▸ PROVIDED DATA:
== Segment start ==

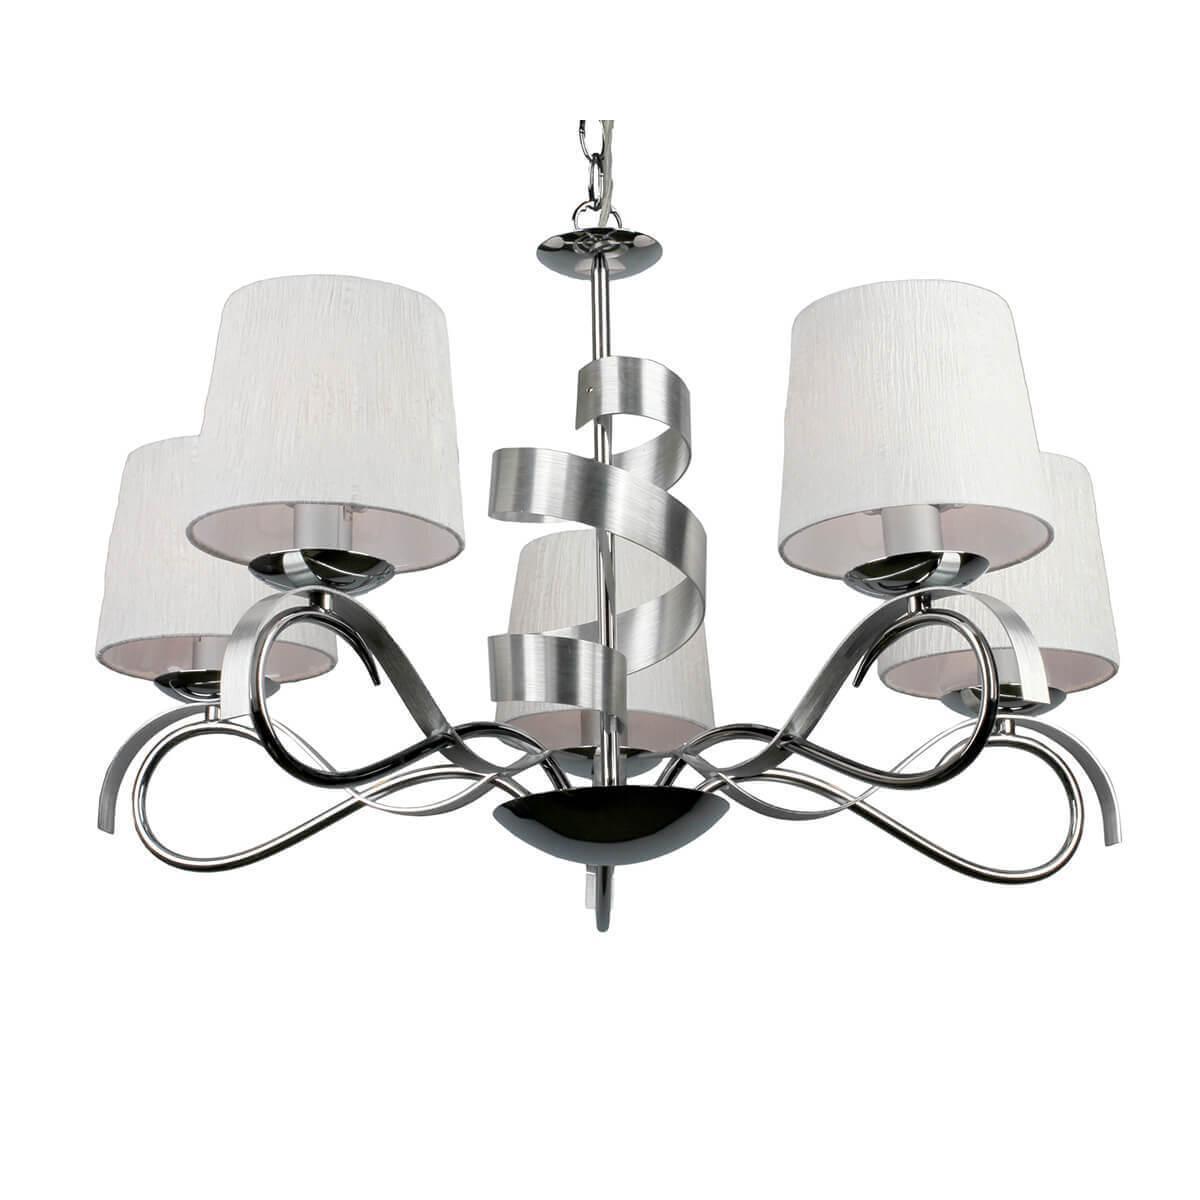 Подвесной светильник Omnilux OML-60103-05, E14, 40 Вт
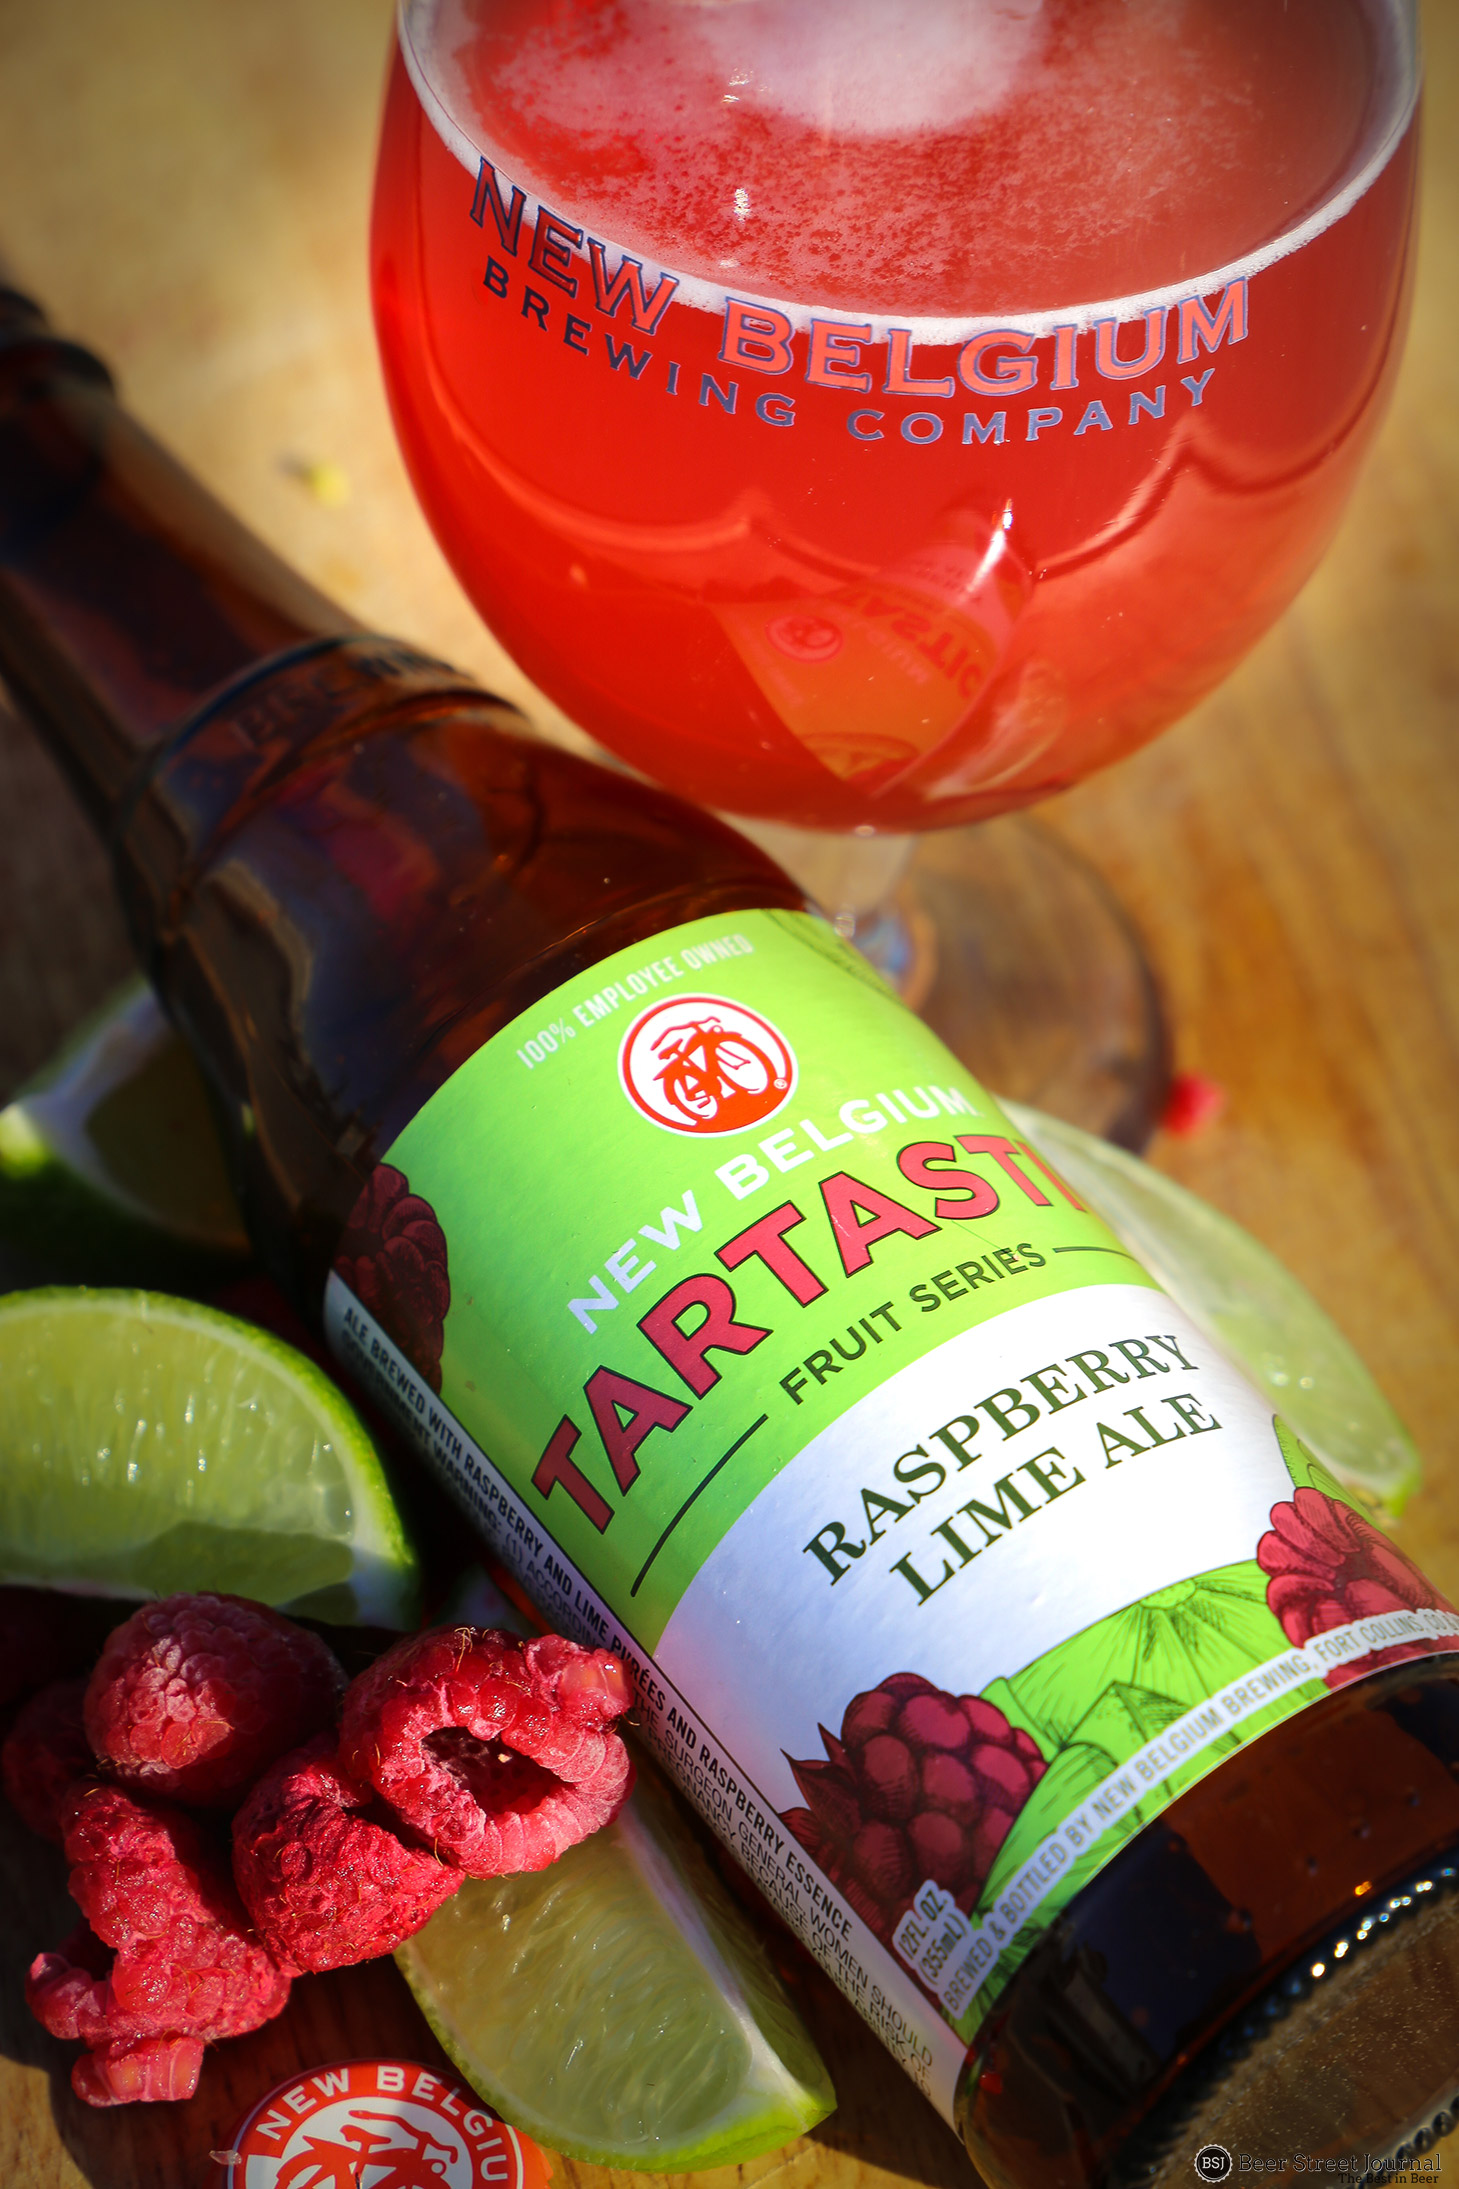 new belgium tartastic raspberry lime ale expands tart series journal new belgium tartastic raspberry lime ale expands tart series journal
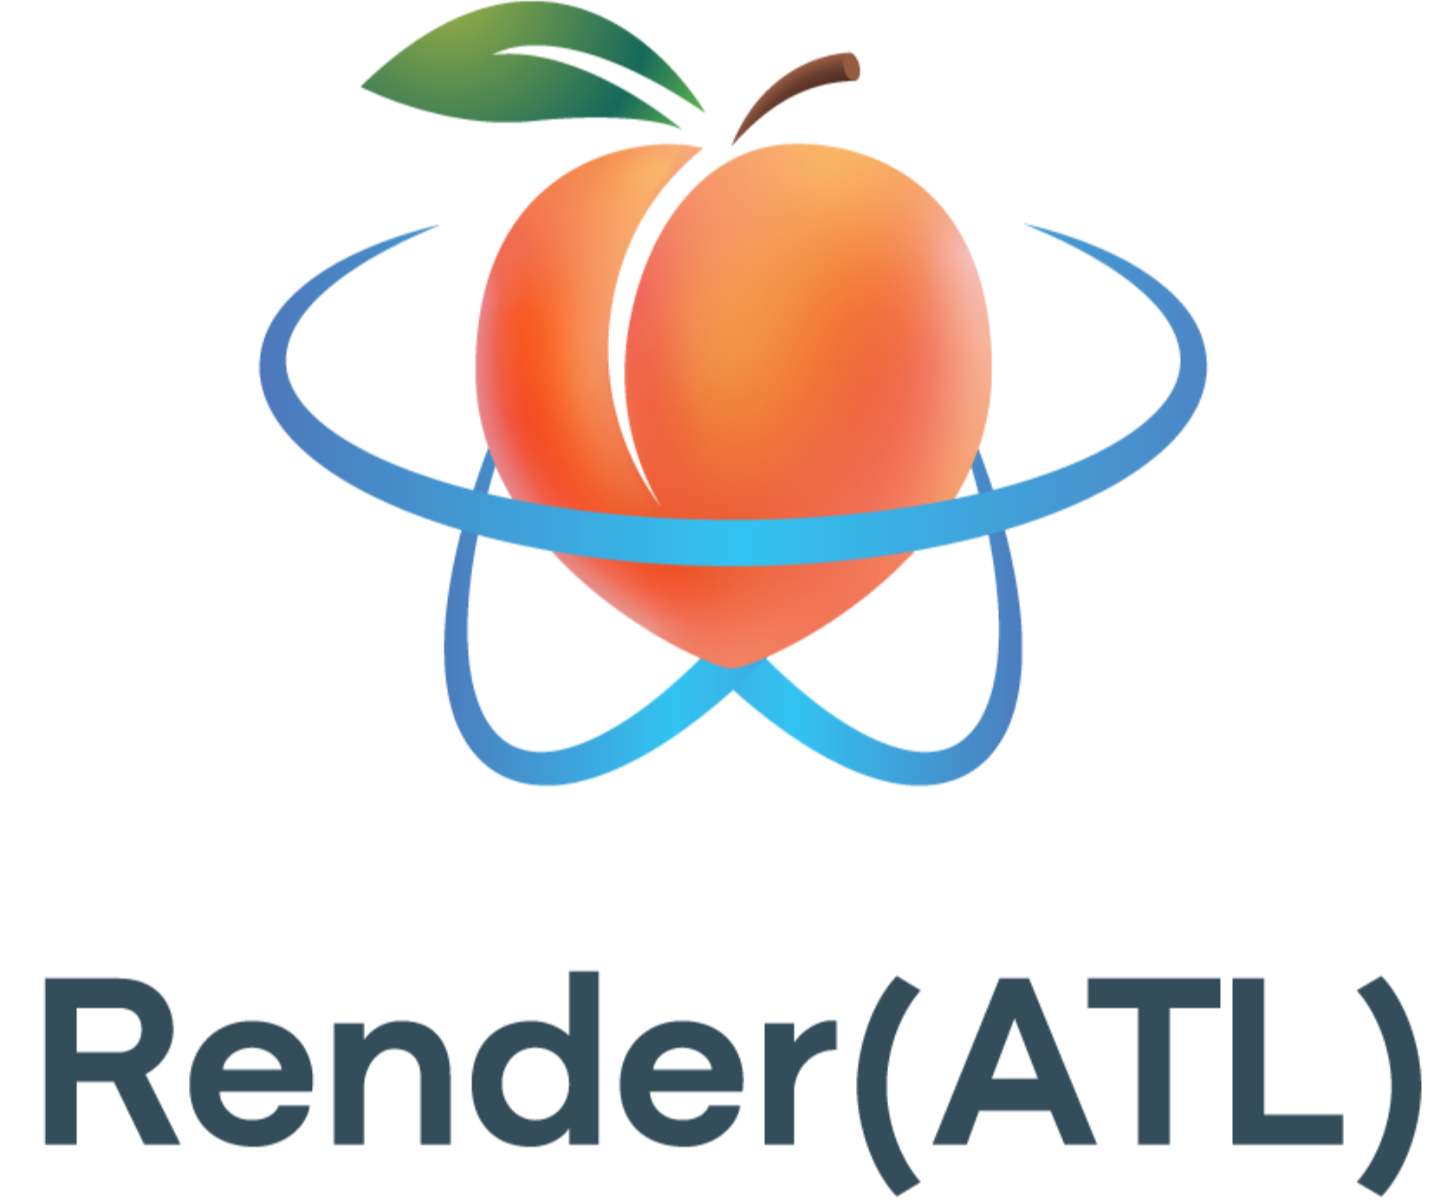 Render-Atlanta Conference logo
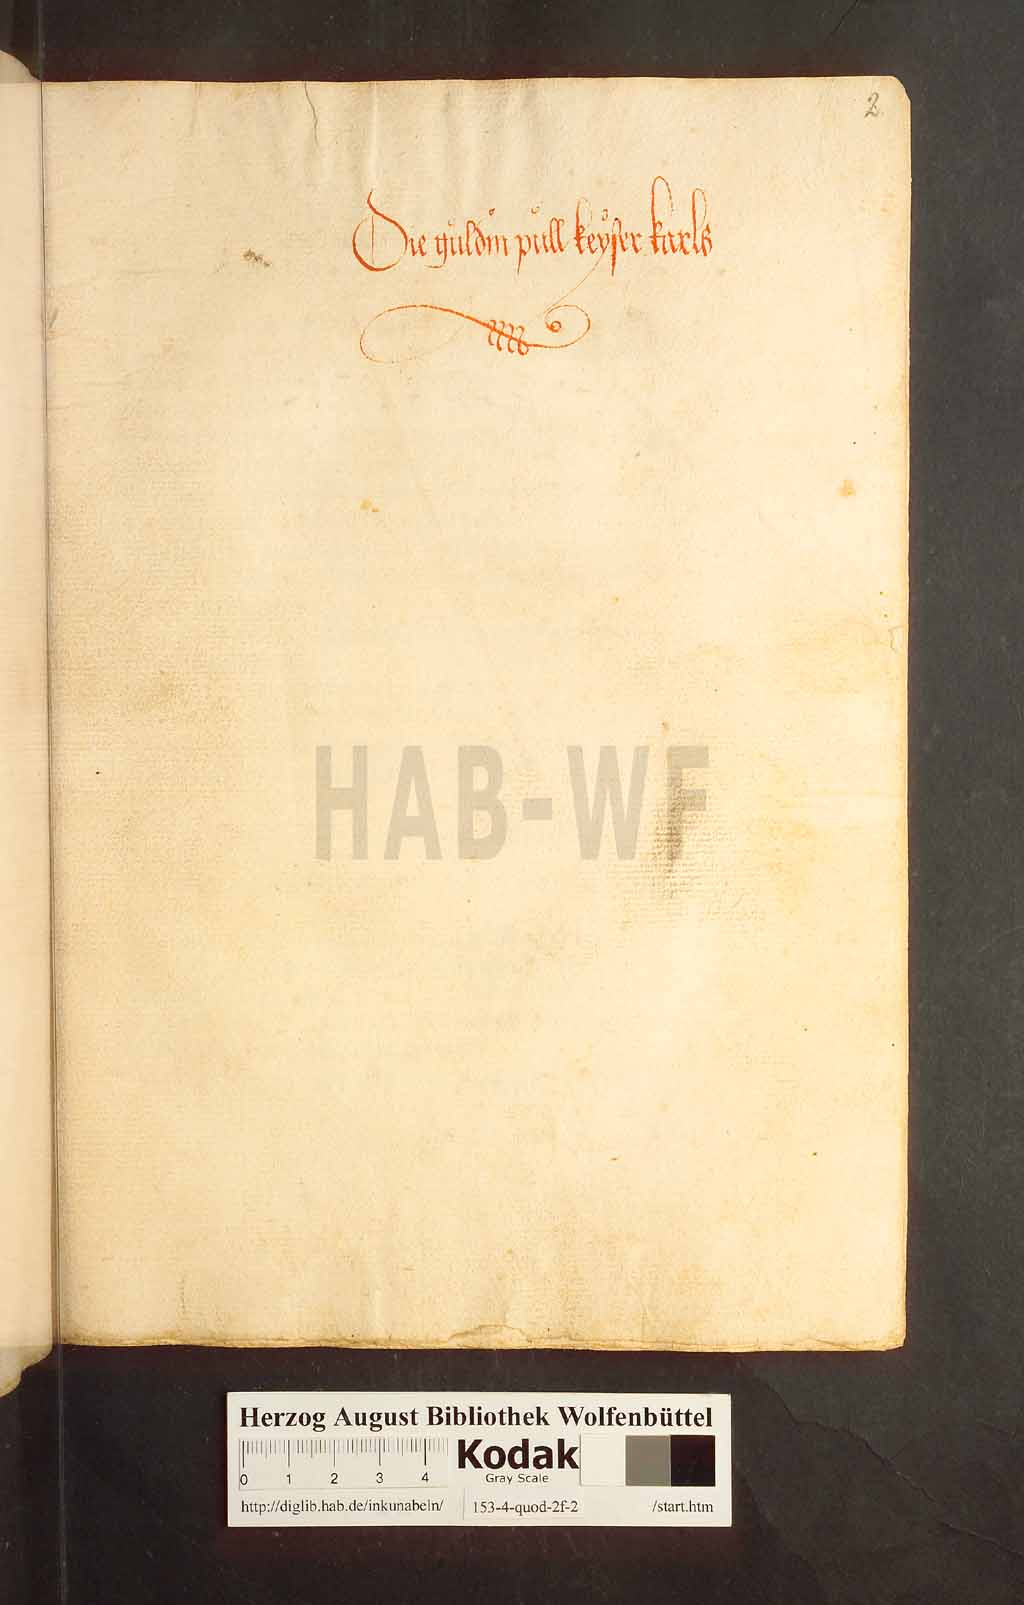 https://diglib.hab.de/inkunabeln/153-4-quod-2f-2/00001.jpg

== Segment end ==

▸ WHAT THIS TASK INVOLVES: Repeat all of the data above word for word, minus the pictures.

▸ RESPONSE:
 Подвесной светильник Omnilux OML-60103-05, E14, 40 Вт
 new belgium tartastic raspberry lime ale expands tart series journal new belgium tartastic raspberry lime ale expands tart series journal
 Render-Atlanta Conference logo
 https://diglib.hab.de/inkunabeln/153-4-quod-2f-2/00001.jpg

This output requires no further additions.